Every line below from the one with "Titanic Themed Photoshoot" through the one with "Apple iPhone SE" is to be repeated exactly, with no picture among them.

**PROVIDED DATA:**
★ ★ ★ ★ ★

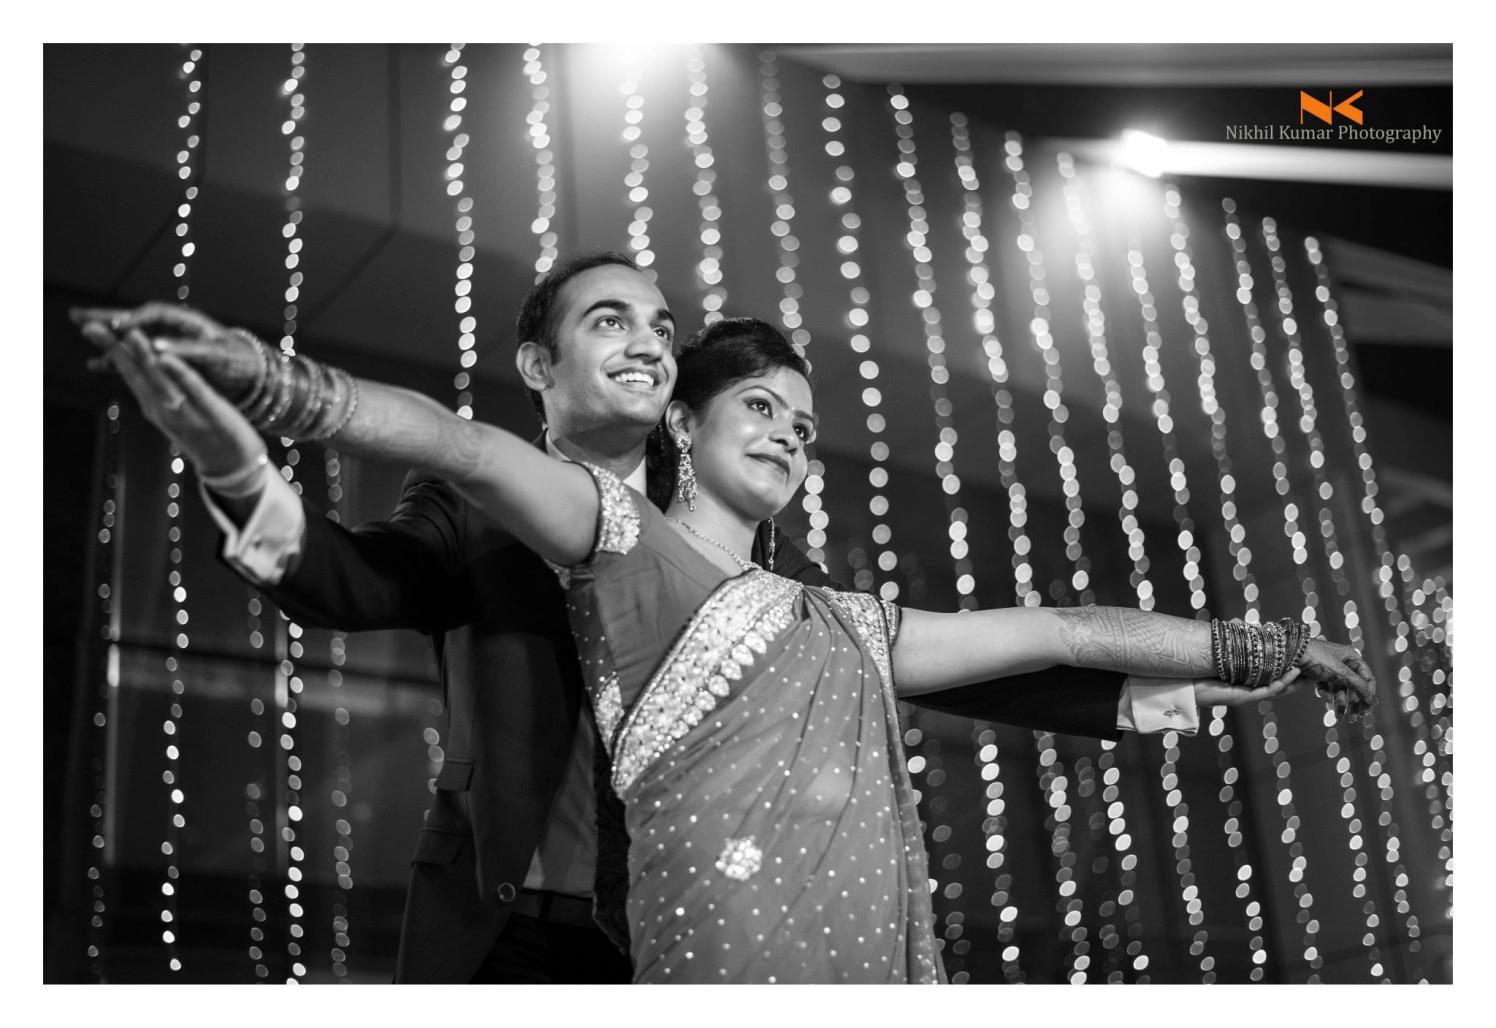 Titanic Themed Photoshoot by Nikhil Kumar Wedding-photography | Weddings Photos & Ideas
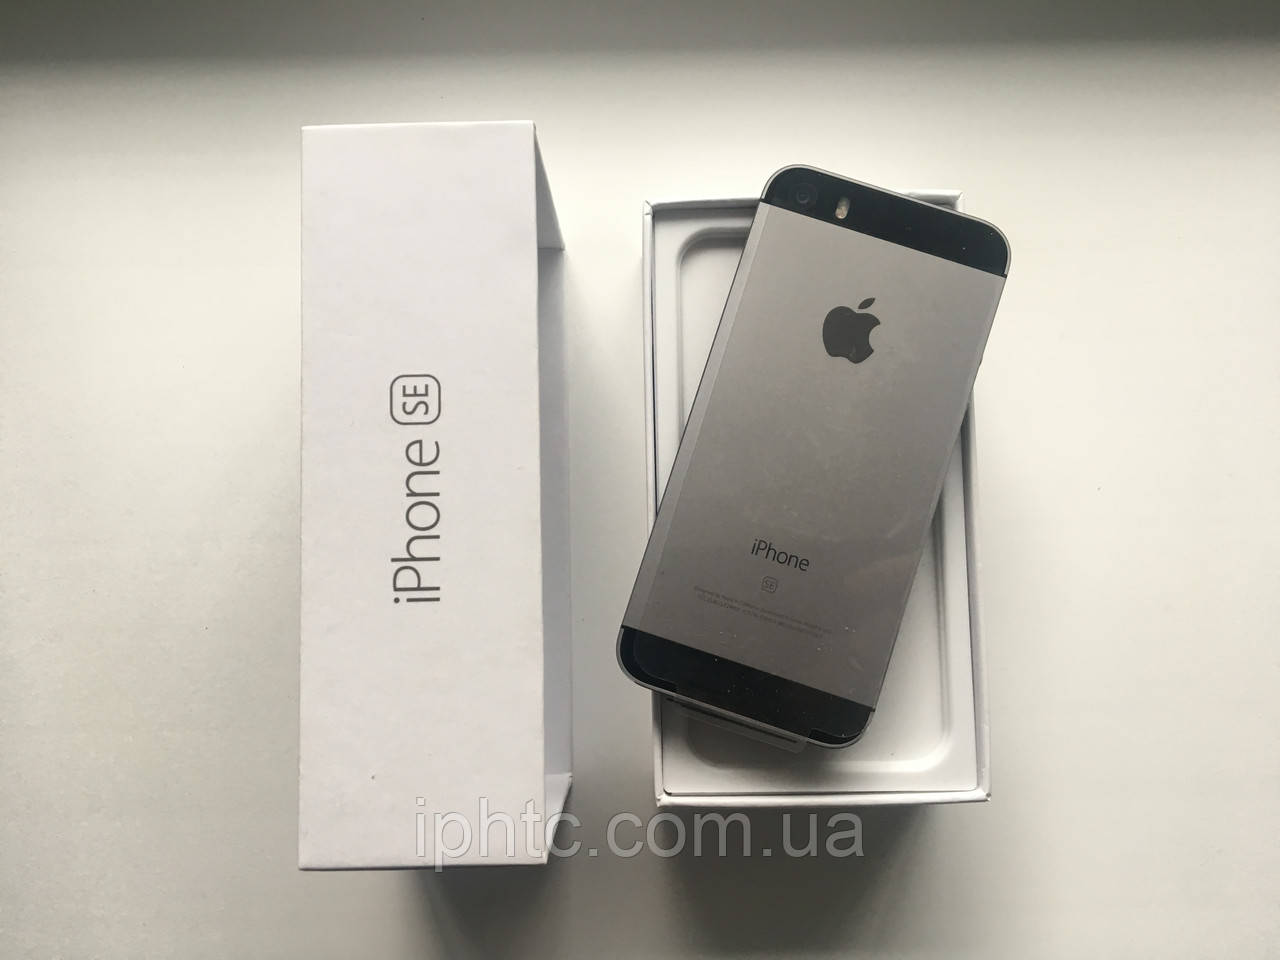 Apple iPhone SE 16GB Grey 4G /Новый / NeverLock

★ ★ ★ ★ ★

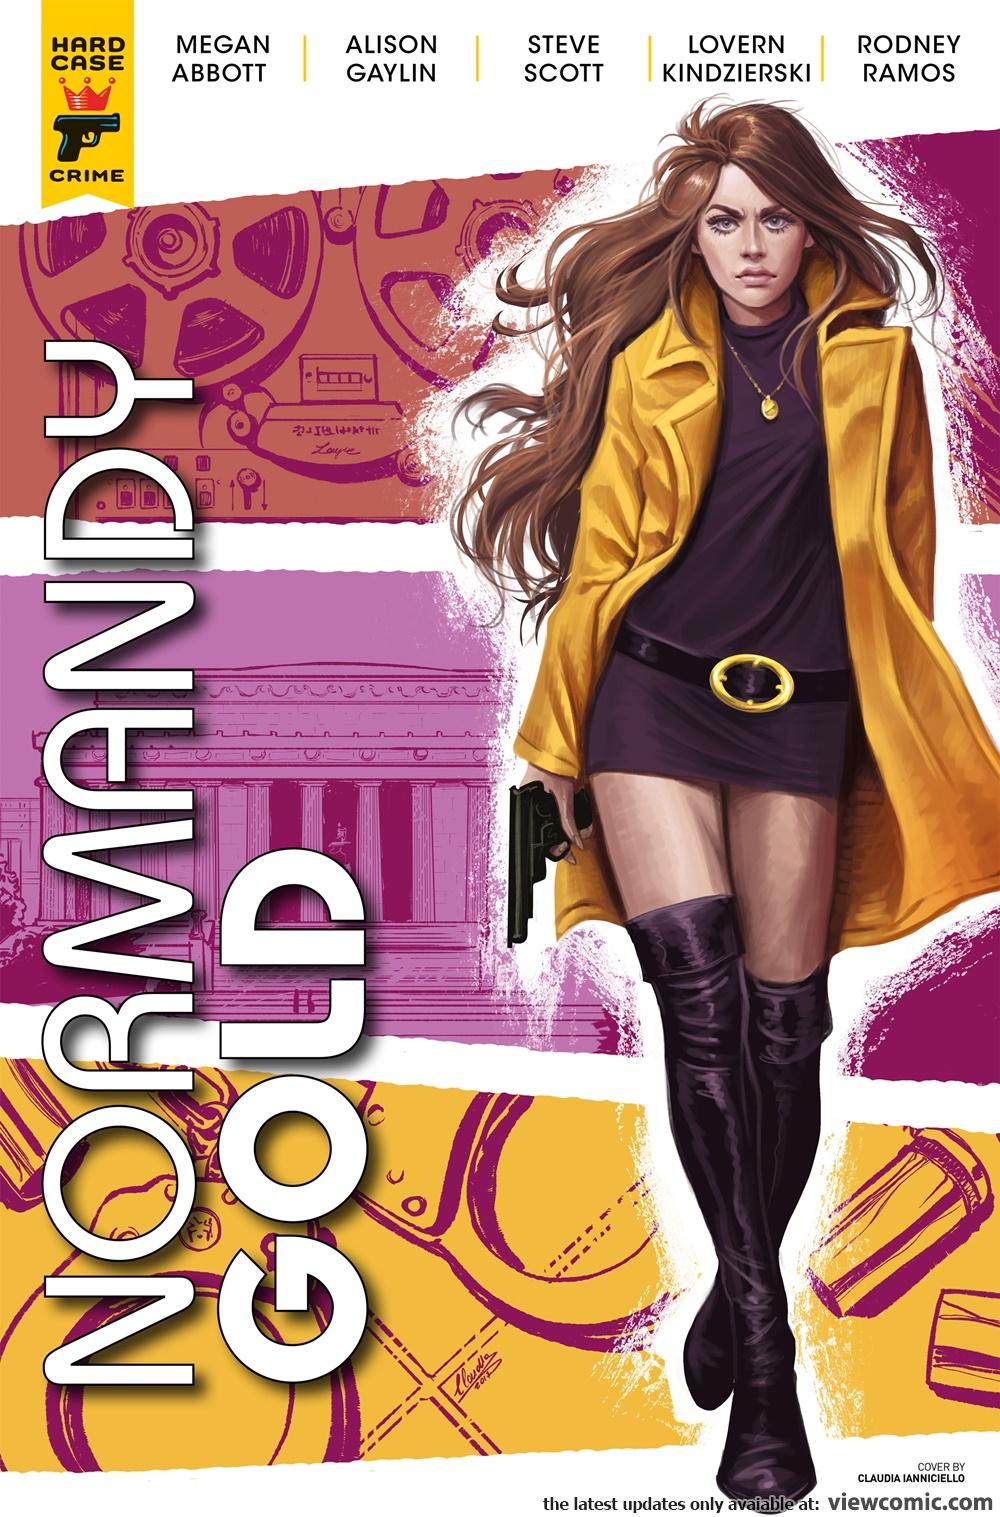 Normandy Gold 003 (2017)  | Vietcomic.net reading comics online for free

★ ★ ★ ★ ★

**WRITTEN ANSWER:**
 Titanic Themed Photoshoot by Nikhil Kumar Wedding-photography | Weddings Photos & Ideas
 Apple iPhone SE 16GB Grey 4G /Новый / NeverLock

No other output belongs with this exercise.